Testing is much the same way. The reality is that in many organizations (including many that champion testing to death) there is very little value in how they are leveraging testing. There are many cases where testing is actually costing those companies money, because they are not disciplined in how they approach things, they focus on idea validation and do not understand how to act on data, doing things like blindly following statistical confidence. If you look at how he describes testing in that blog post, then this is where those people are at. If MVT is simply a way to throw a bunch of items against a wall and choose a winner, then you know that you are firmly in this realm. In those cases, I would argue that testing is worse then a mouse pad, it is more analogous to a cup holder in a car. It is there, people use it, they get enjoyment out of it, but it has nothing to do with where the car ends up or how fast it gets there.

There are other organizations which look at data differently and who use testing in a different manner, one used to focus and leverage resources and one that is not used for validation or “choosing 2 headlines”. In those situations, there is very little that can be said to describe just how valuable testing is. Testing changes the direction of entire organizations, it proves people wrong, it focuses resources and it allows for the exploration of alternative feasible options and allows you to really know the value of actions, not just argue them.
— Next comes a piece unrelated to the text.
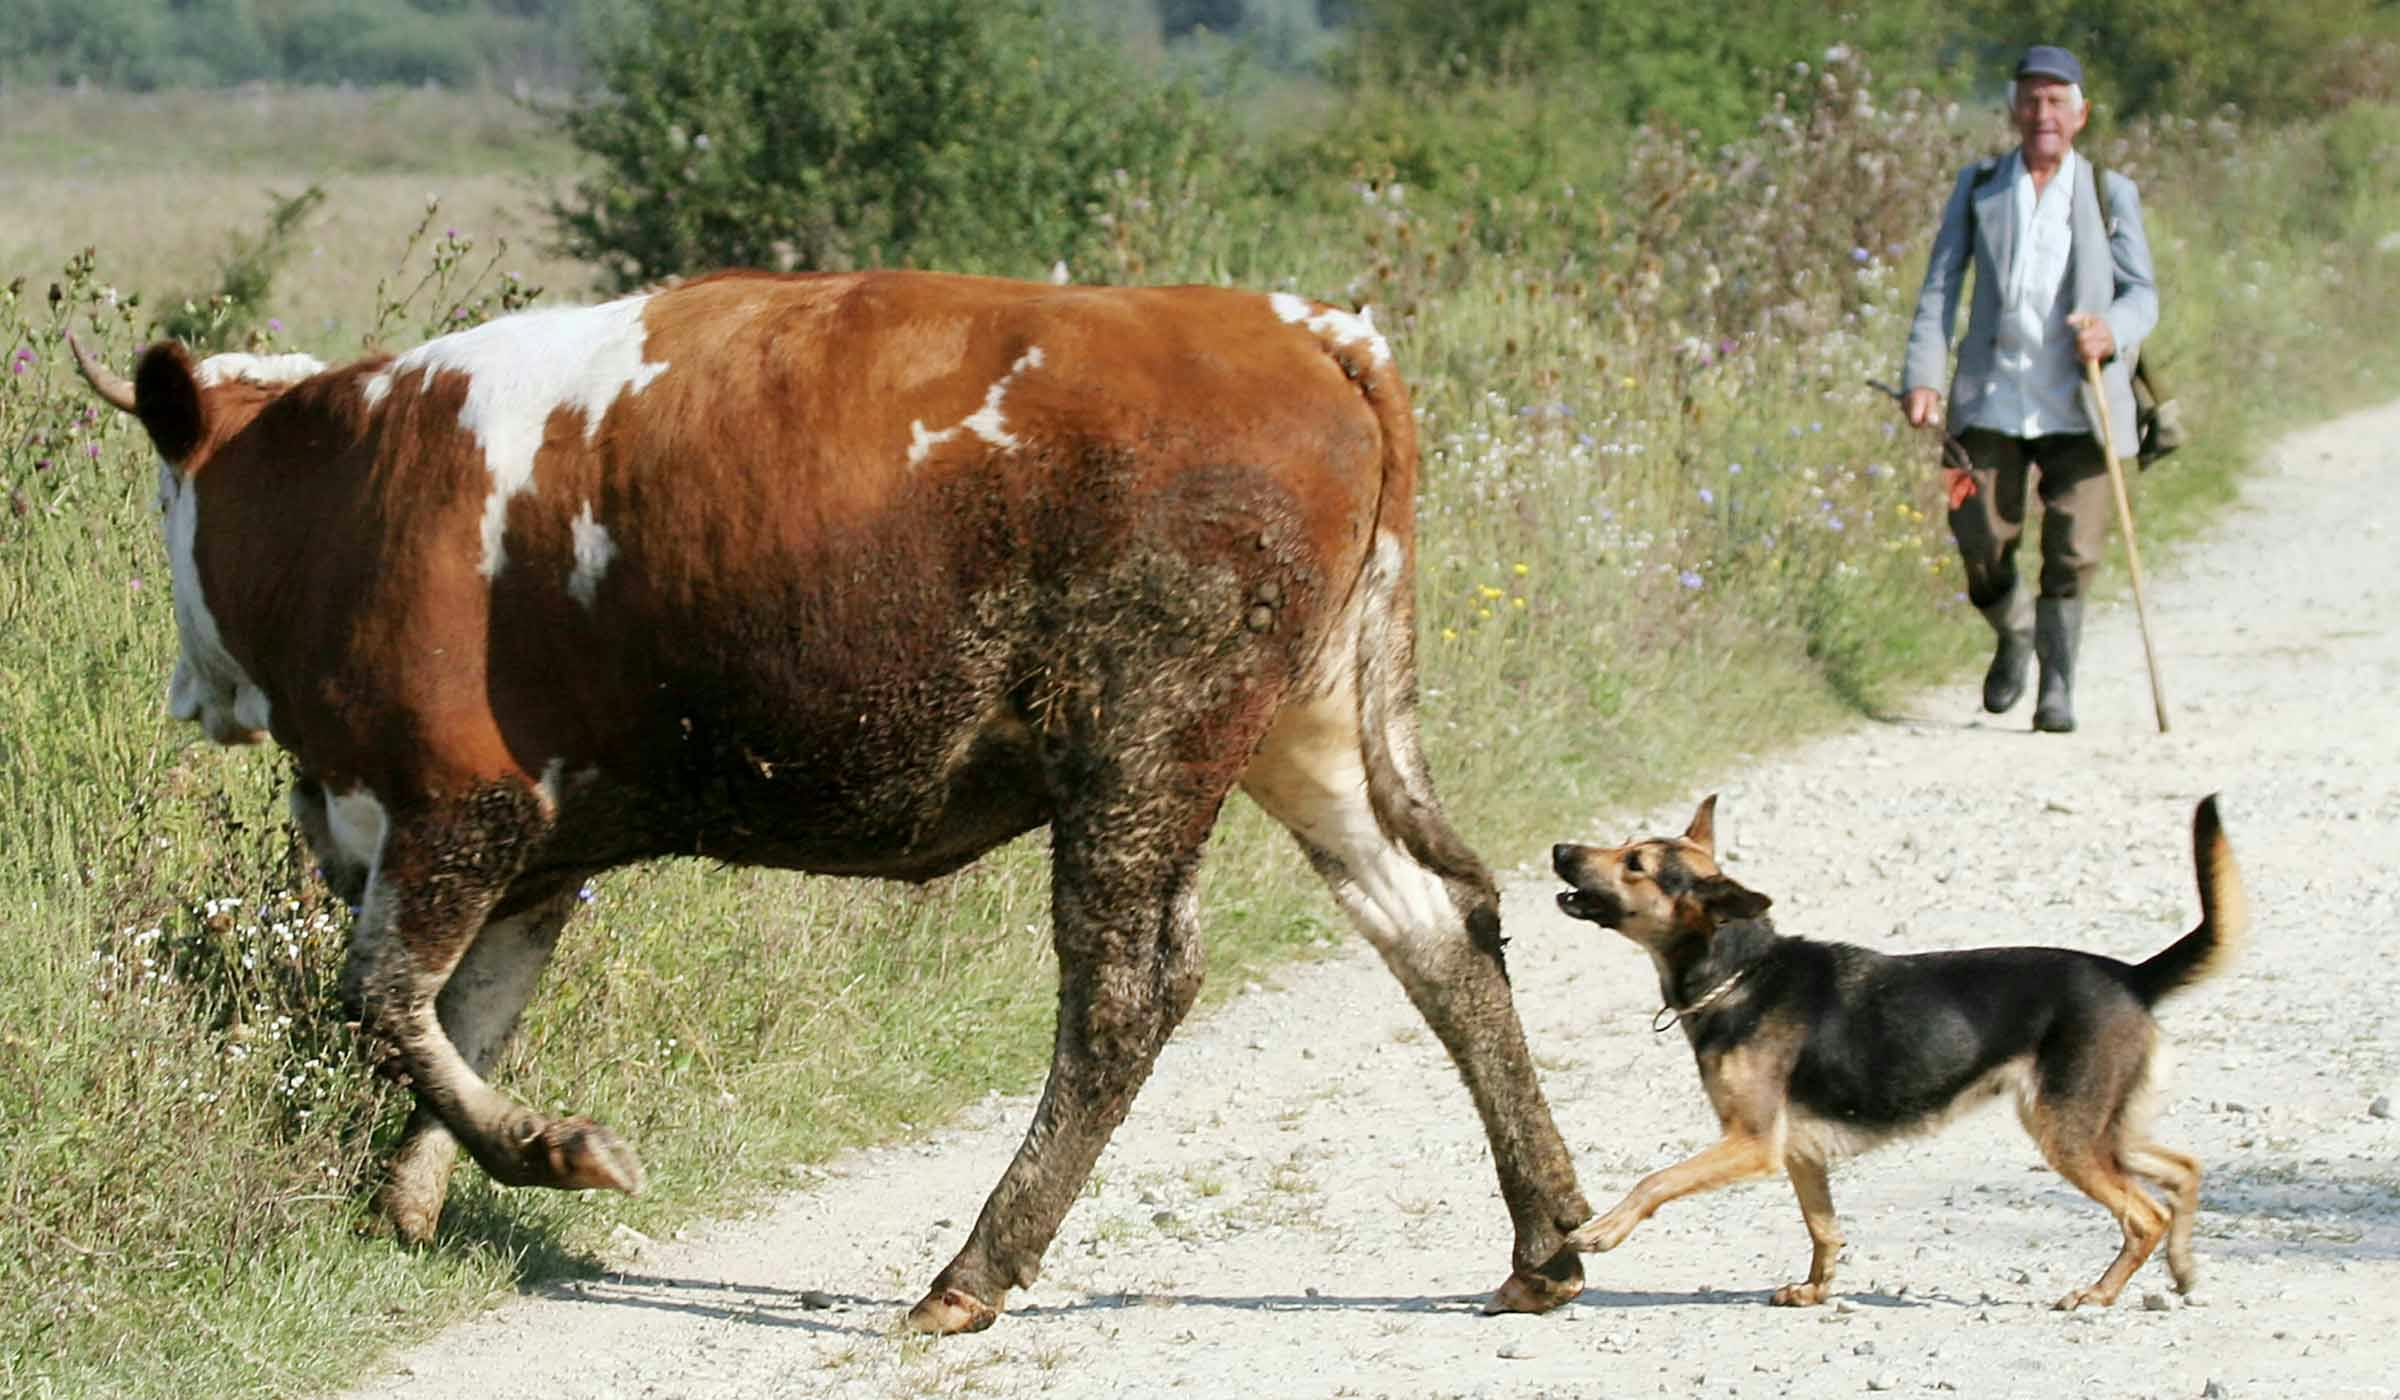 How to Train Your Dog to Not Chase Cows | Wag!

It is a tool whose use is to find out what the most valuable of many different routes are, and then help you drive down those roads providing more and more value at each step. Those scenarios are more analogous to testing being the GPS, describing routes and shorter distances, as well as helping maximize time and fuel.

In both cases, there are ways to automate the process to lower decision time and to increase the efficiency of the test itself. That doesn’t address the real problem however which is if the entire vision of testing is wrong, then it doesn’t matter what system you use to make decisions or how you leverage MVT. It really doesn’t matter what sized drink goes into the cup holder, or how many different drinks can be placed there over time. If you are going down the other thought route, then how fast your GPS updates, what information it uses, and what factors you use to decide routes can have a massive impact on where you end up.